Copy down every line of the data that follows exactly. Omit the pictures.

Provided data:
Segment Open

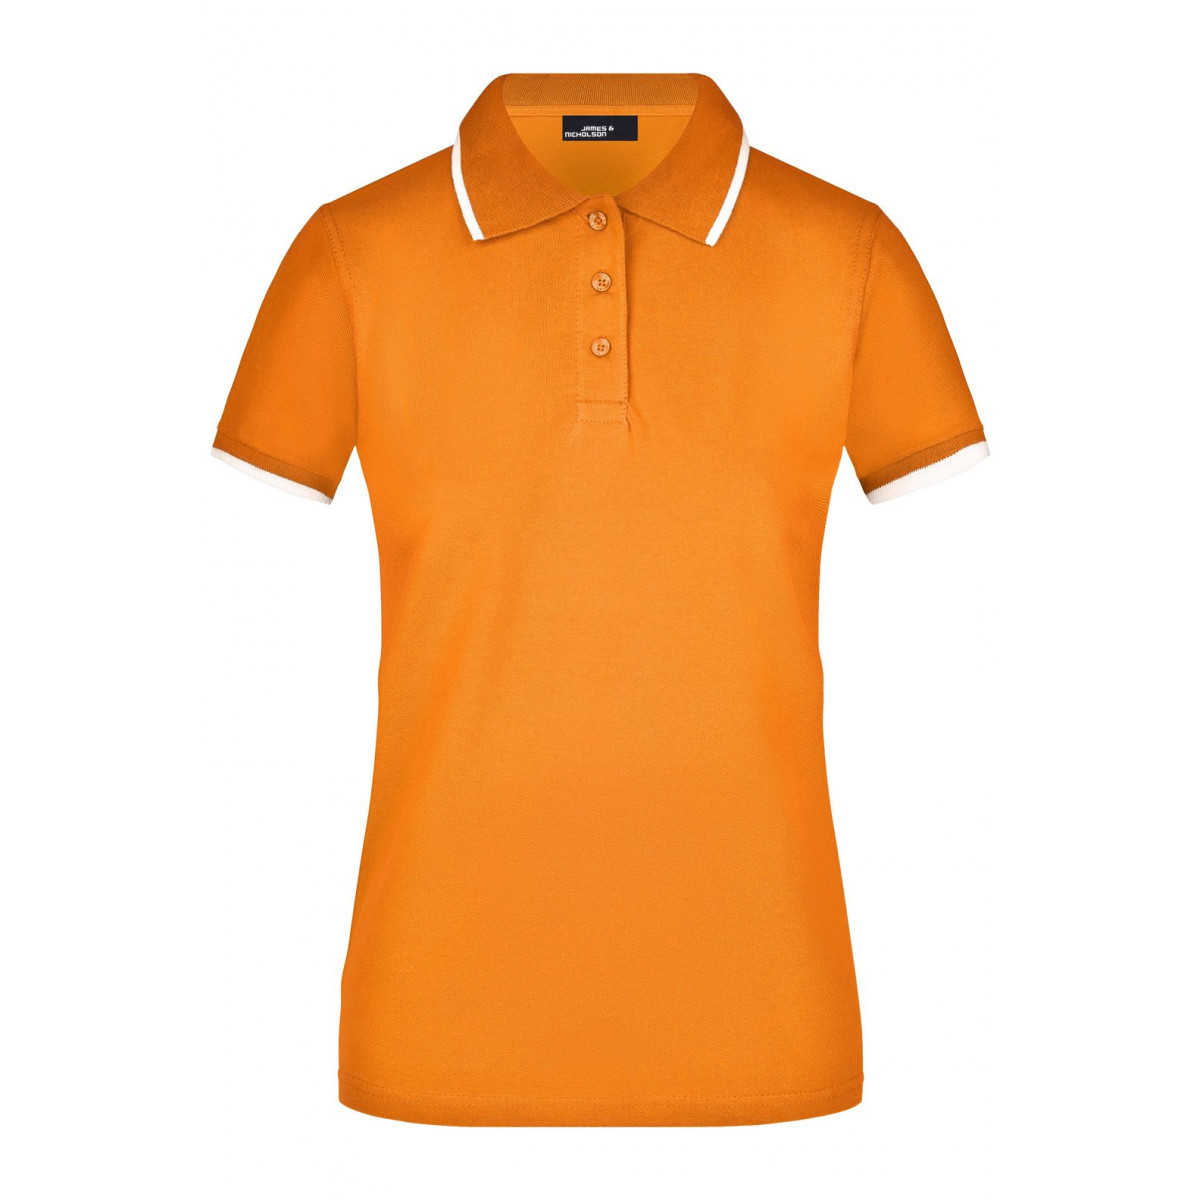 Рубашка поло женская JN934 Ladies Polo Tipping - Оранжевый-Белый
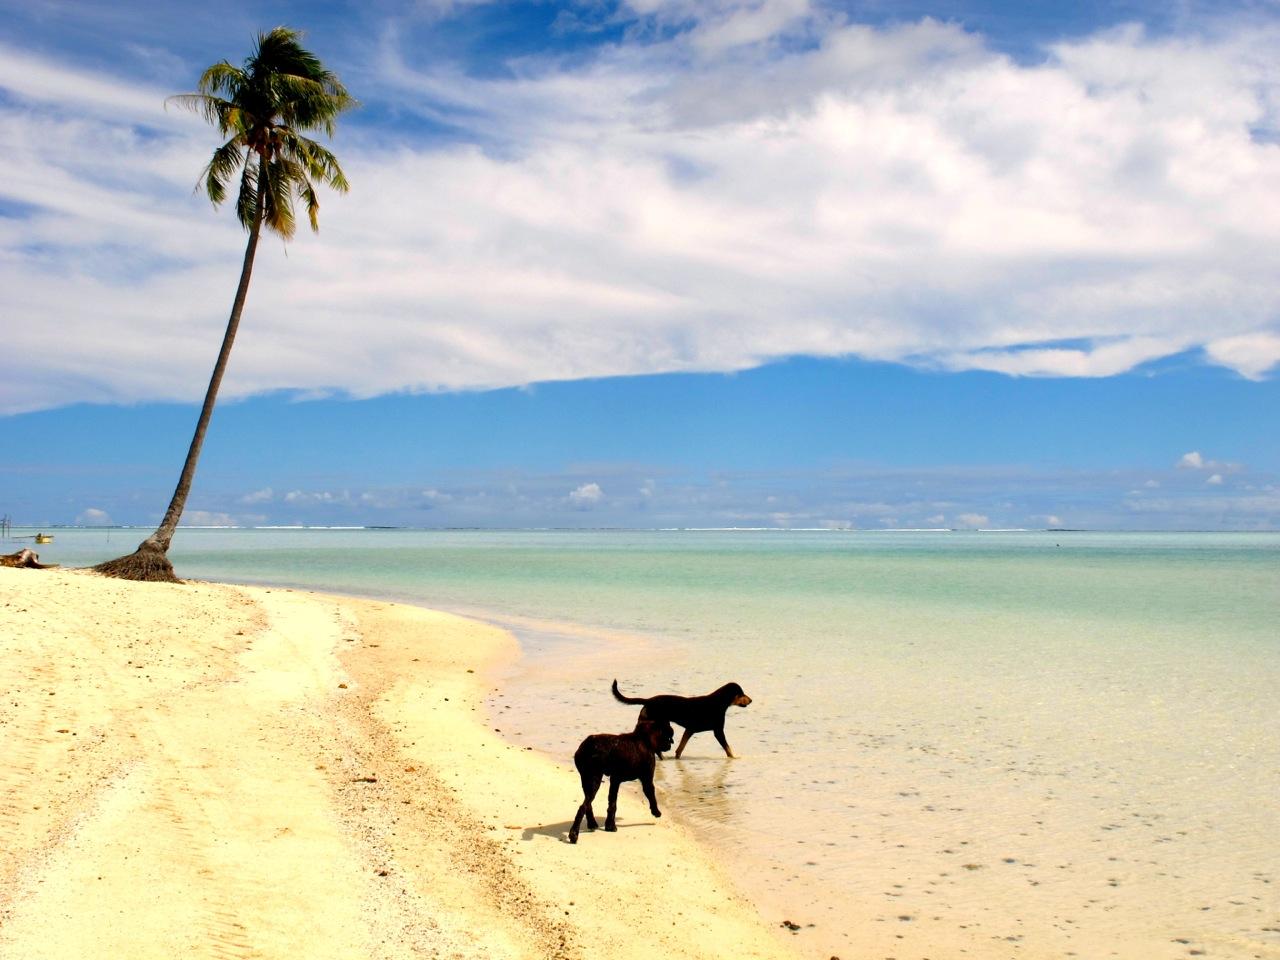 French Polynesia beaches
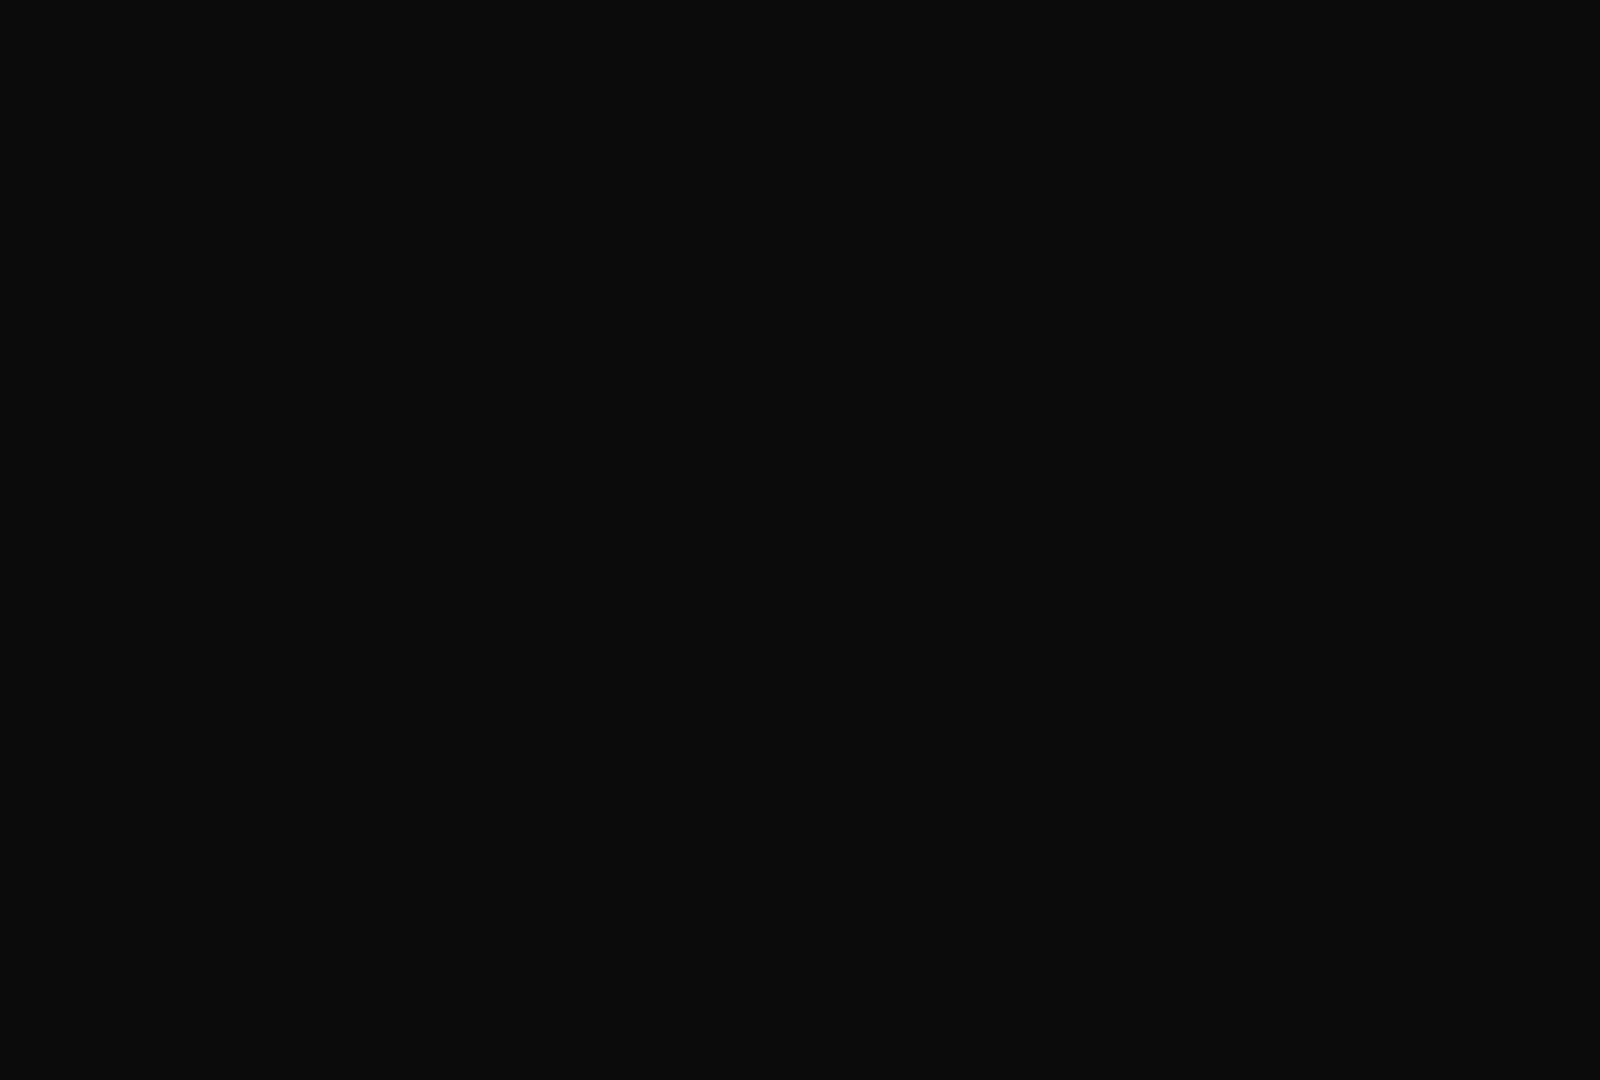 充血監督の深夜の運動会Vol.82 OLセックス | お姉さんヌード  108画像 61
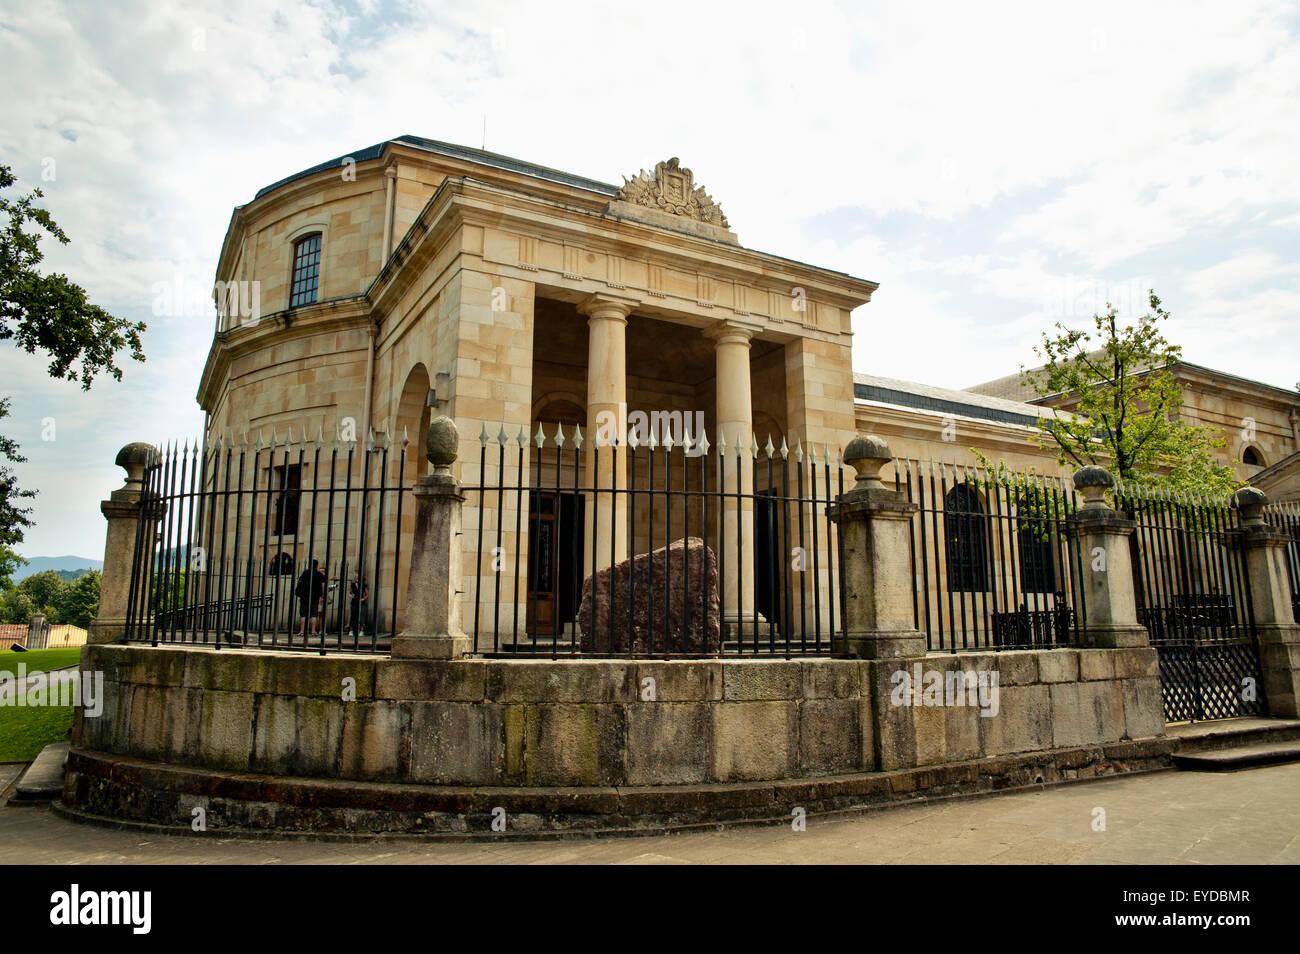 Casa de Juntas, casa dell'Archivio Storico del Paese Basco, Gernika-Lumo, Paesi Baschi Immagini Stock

Segment Closed

Result of the exercise:
 Рубашка поло женская JN934 Ladies Polo Tipping - Оранжевый-Белый
 French Polynesia beaches
 充血監督の深夜の運動会Vol.82 OLセックス | お姉さんヌード  108画像 61
 Casa de Juntas, casa dell'Archivio Storico del Paese Basco, Gernika-Lumo, Paesi Baschi Immagini Stock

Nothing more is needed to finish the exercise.